- GIVEN DATA:
####
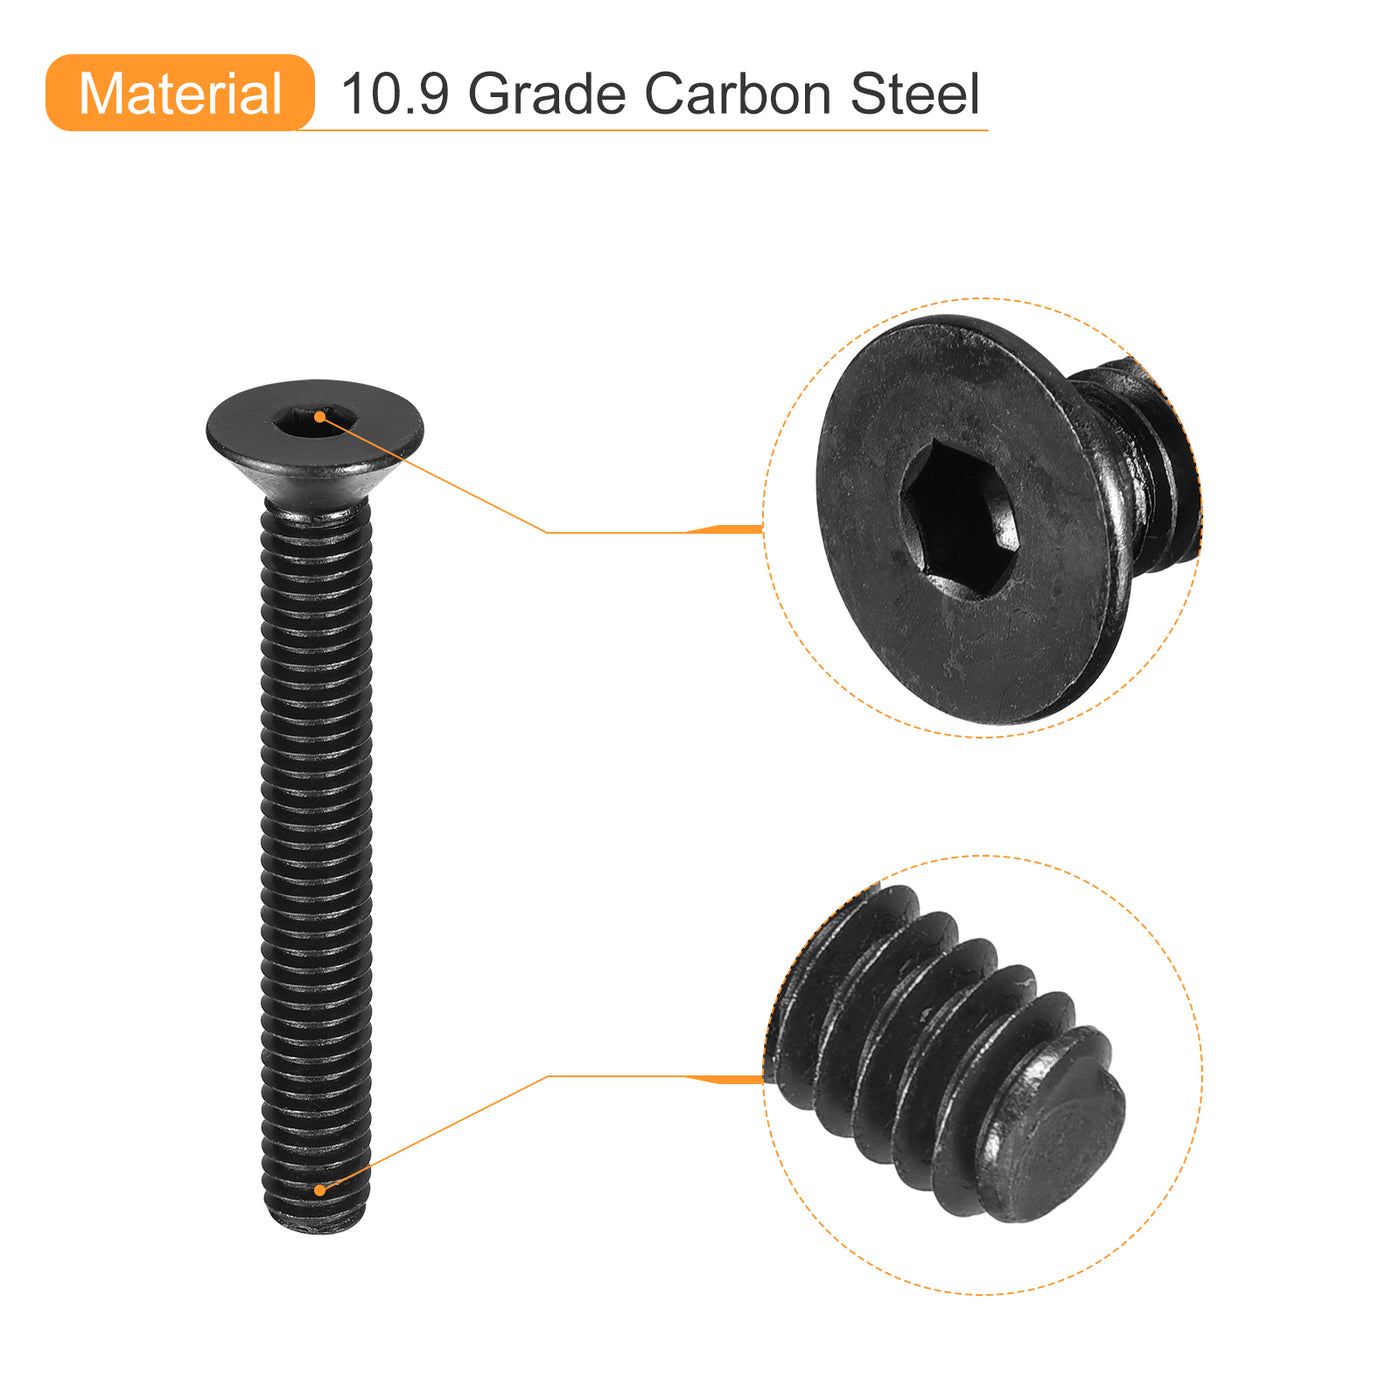 uxcell Uxcell 5/16-18x3" Flat Head Socket Cap Screws, 10.9 Grade Carbon Steel, 15PCS
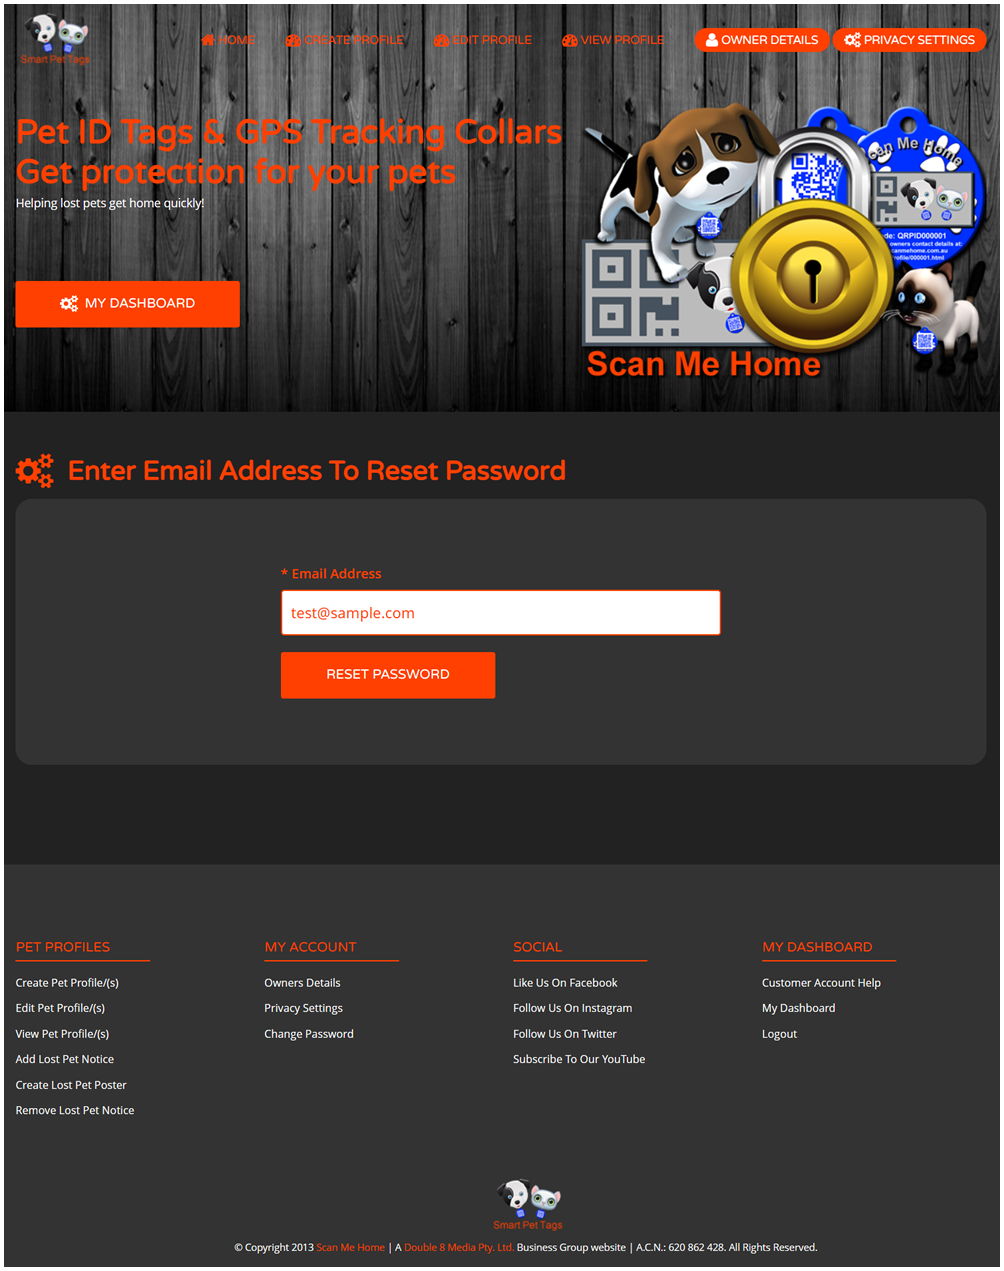 Scan Me Home Customer Account Help My Dashboard Change Password Image 2
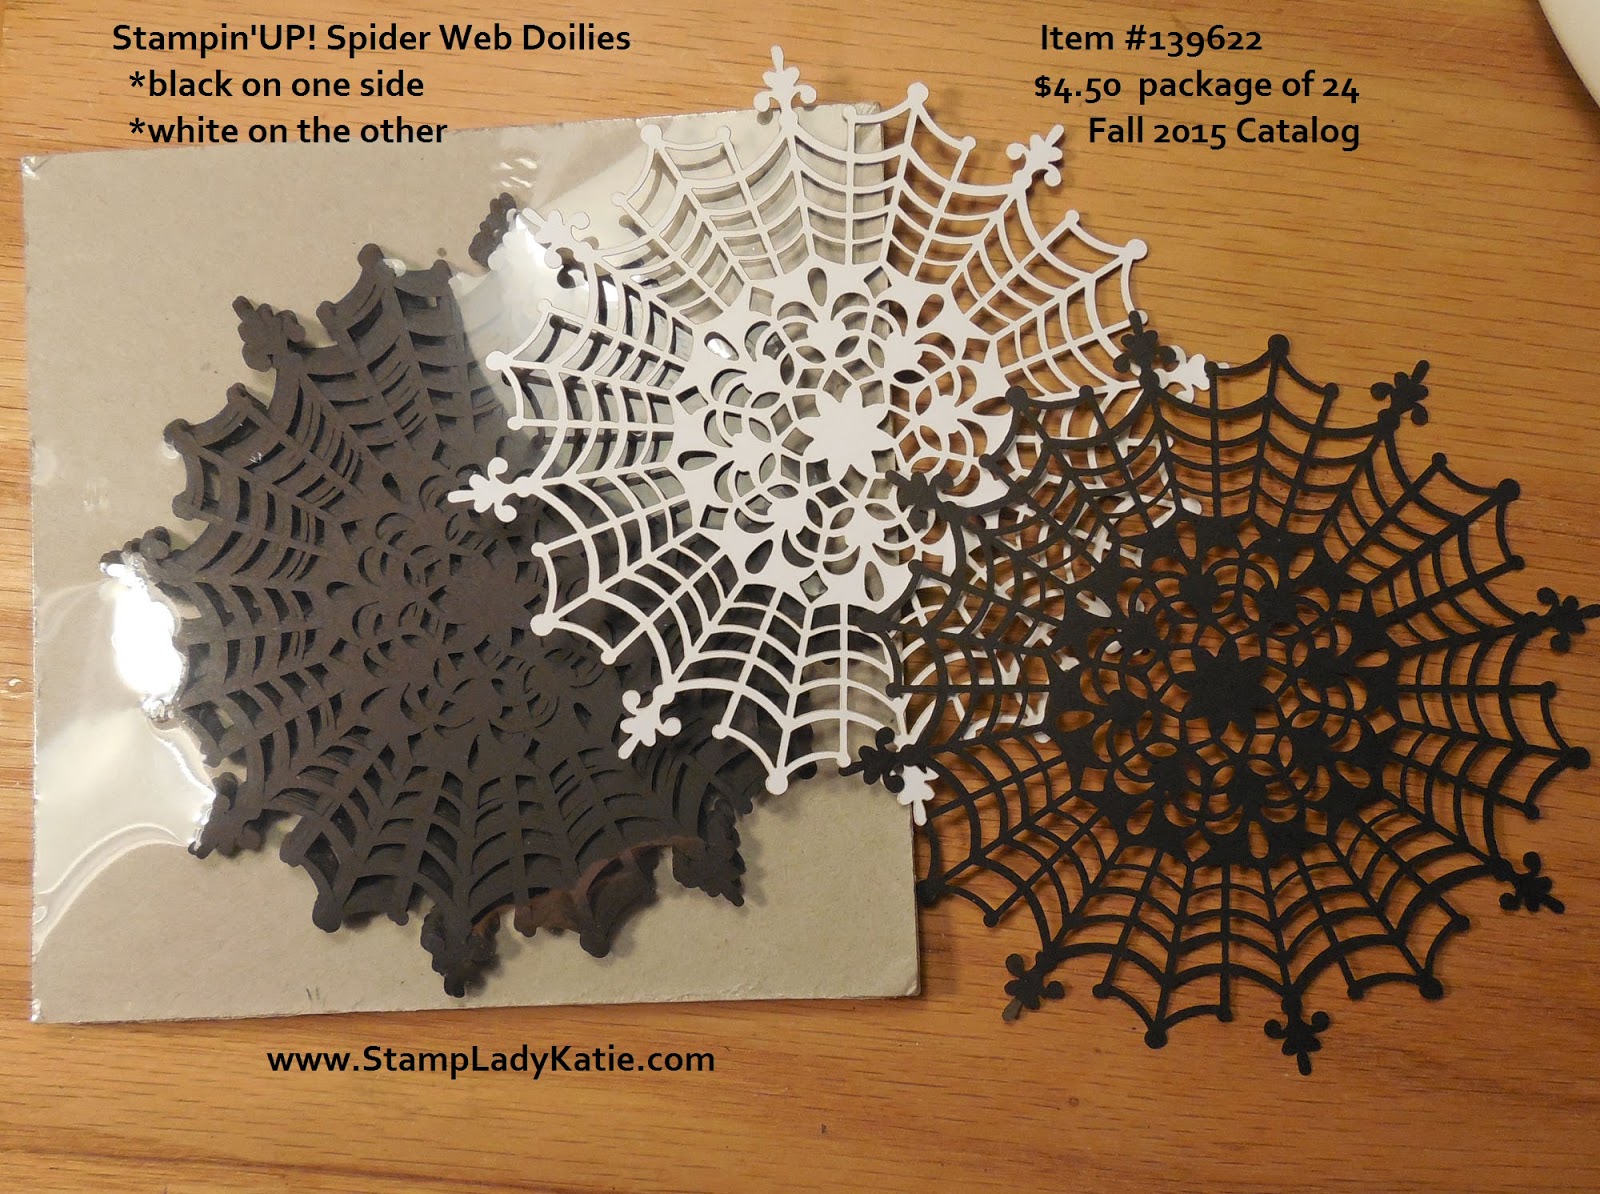 StampLadyKatie.com: Spider Web Doily Snowflake Card
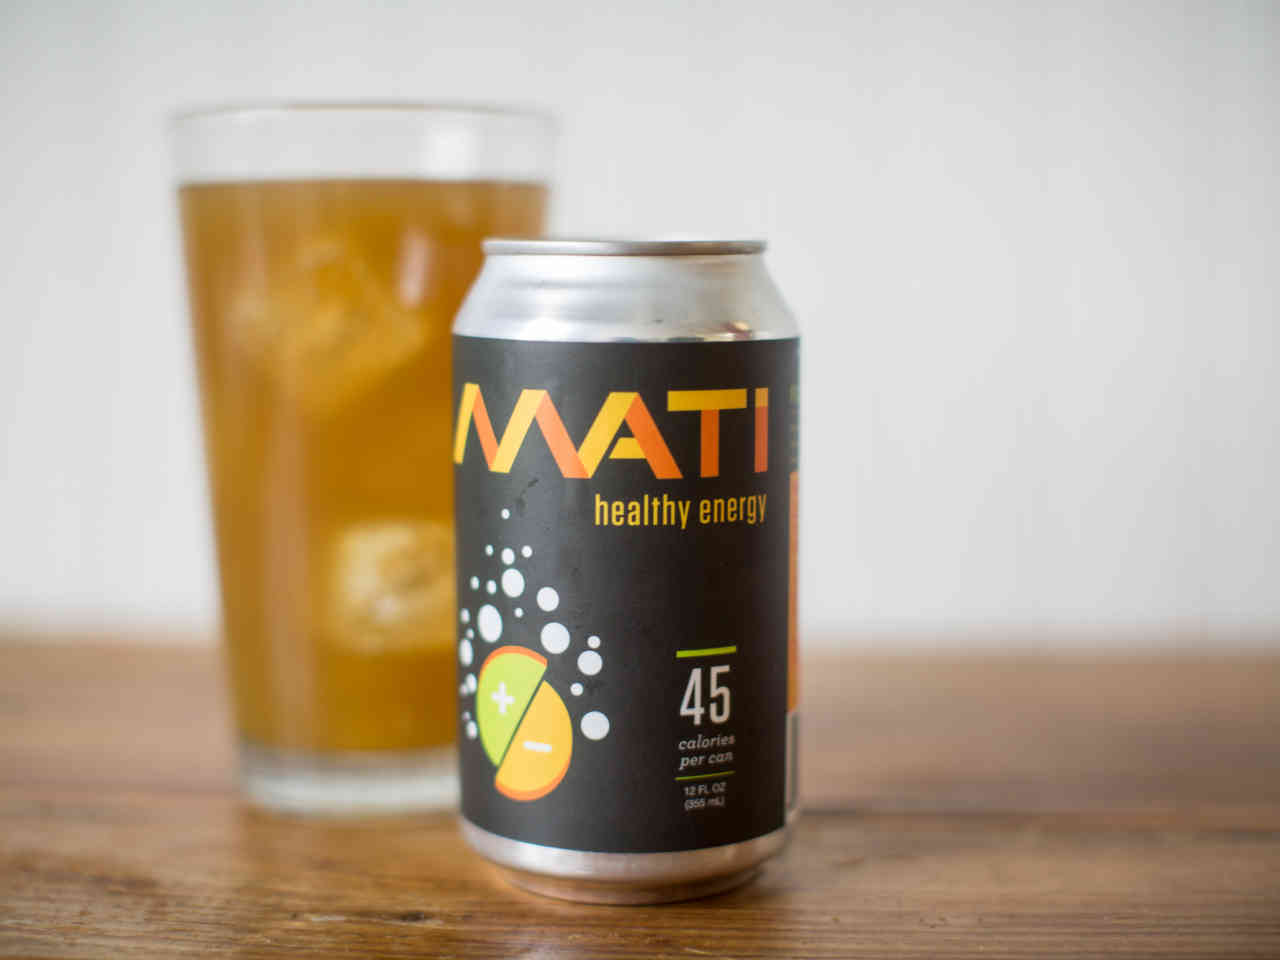 Mati energy drink
####
- TASK REQUIREMENTS:
Reproduce the listing exactly, but omit every picture in it.

- SOLUTION TO THIS EXERCISE:
 uxcell Uxcell 5/16-18x3" Flat Head Socket Cap Screws, 10.9 Grade Carbon Steel, 15PCS
 Scan Me Home Customer Account Help My Dashboard Change Password Image 2
 StampLadyKatie.com: Spider Web Doily Snowflake Card
 Mati energy drink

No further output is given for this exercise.